This activity assumes that you have successfully completed all previous activities. It also requires some focus. Learning curves are a key to debug and diagnose a model’s performance. The goal in this activity is to plot learning curves and to interpret various learning curves. For a regression dataset of your choice, the first step is to shuffle the dataset. The next step is to split the dataset into the four arrays: XTRAIN, YTRAIN, XVALID, and YVALID. The next step is to train a neural network model using model.fit(). However, this time, XVALID and YVALID will also be passed as arguments to the model.fit() method. This is so when we call the method, it can evaluate the model on the validation set at the end of each epoch (see code block below). It is extremely important to understand that the model.fit() method does NOT use the validation dataset to perform the learning, it is only to evaluate the model after each epoch. When calling the model.fit() method we can also save its output in a variable, usually named history. This variable can be used to plot learning curves (see code block below). The task in this activity is to plot many learning curves in various scenarios. In particular, it is of interest to observe and analyze how the learning plots look like various settings. The following article discusses learning curves in more detail.

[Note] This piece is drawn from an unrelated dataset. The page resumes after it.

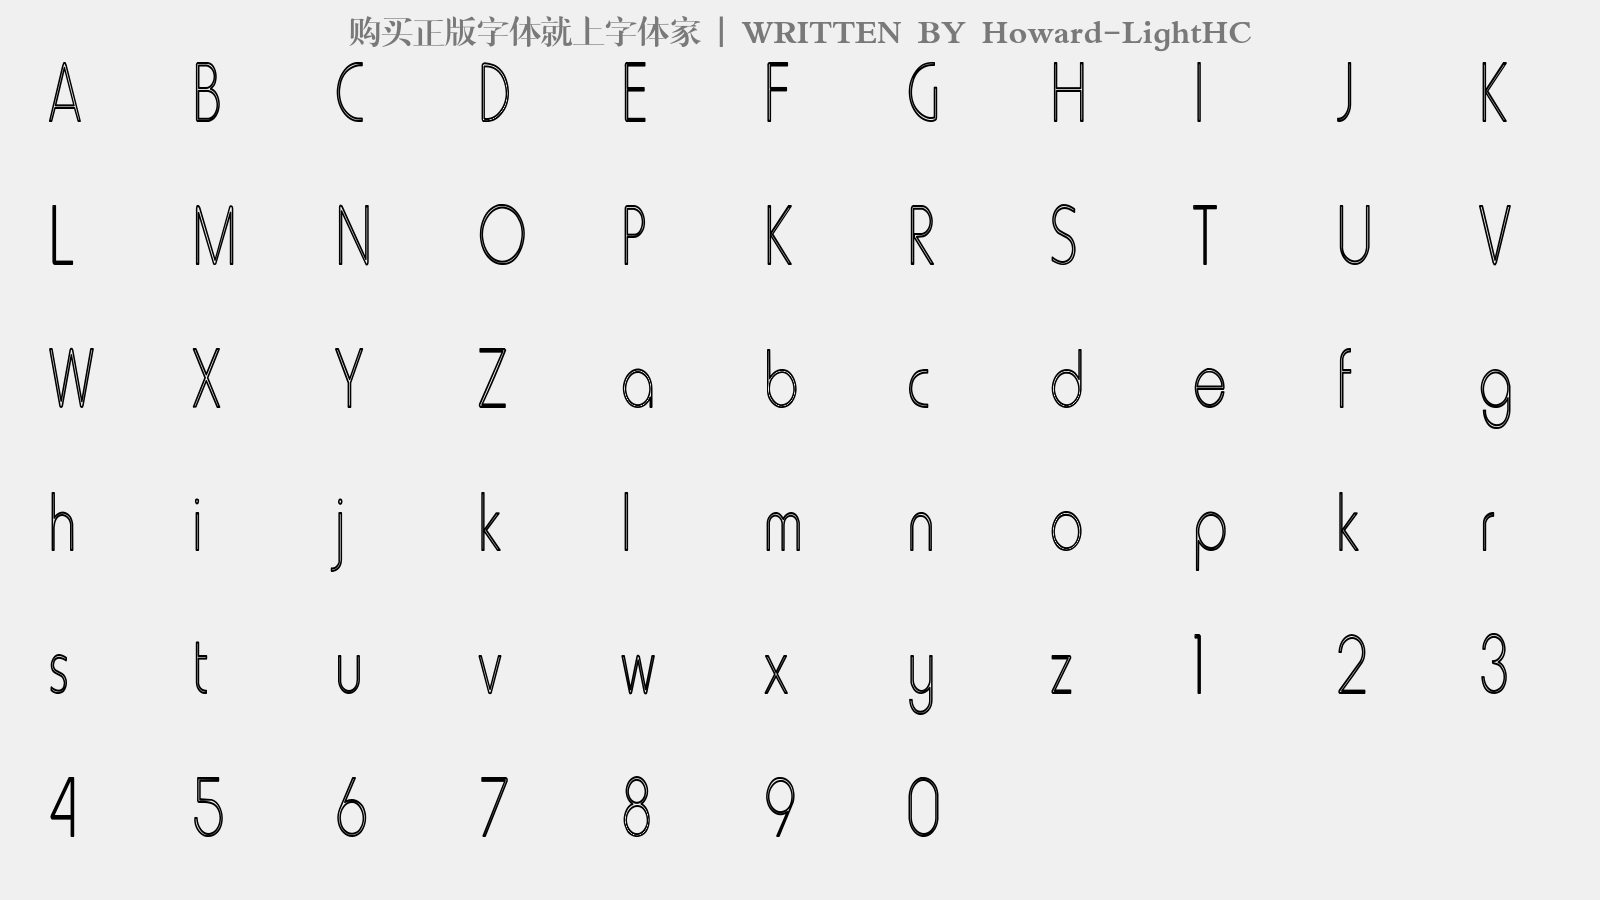 Howard-LightHC - 大写字母/小写字母/数字

Lectures: Some insights on learning curves
Articles: Learning curves for diagnosing machine learning model performance

# Do the training (specify the validation set as well)
history = model.fit(XTRAIN, YTRAIN, validation_data = (XVALID, YVALID), verbose = 1)
# Check what's in the history
print(history.params)
# Plot the learning curves (loss/accuracy/MAE)
plt.plot(history.history['accuracy']) # replace with accuracy/MAE
plt.plot(history.history['val_accuracy']) # replace with val_accuracy, etc.
plt.ylabel('Accuracy')
plt.xlabel('epoch')
plt.legend(['training data', 'validation data'], loc='lower right')
plt.show()

Produce learning curves that represent the following cases:

the validation set is too small relative to the training set - for example, only 1% or 2% of the total rows of data.
the training set is too small compared to the validation sat - for example, only 1% or 2% of the total rows of data.
a good learning curve (practically good)
an overfitting model
a model that shows that further training is required
an underfit model that does not have sufficient capacity (also may imply that the data itself is difficult)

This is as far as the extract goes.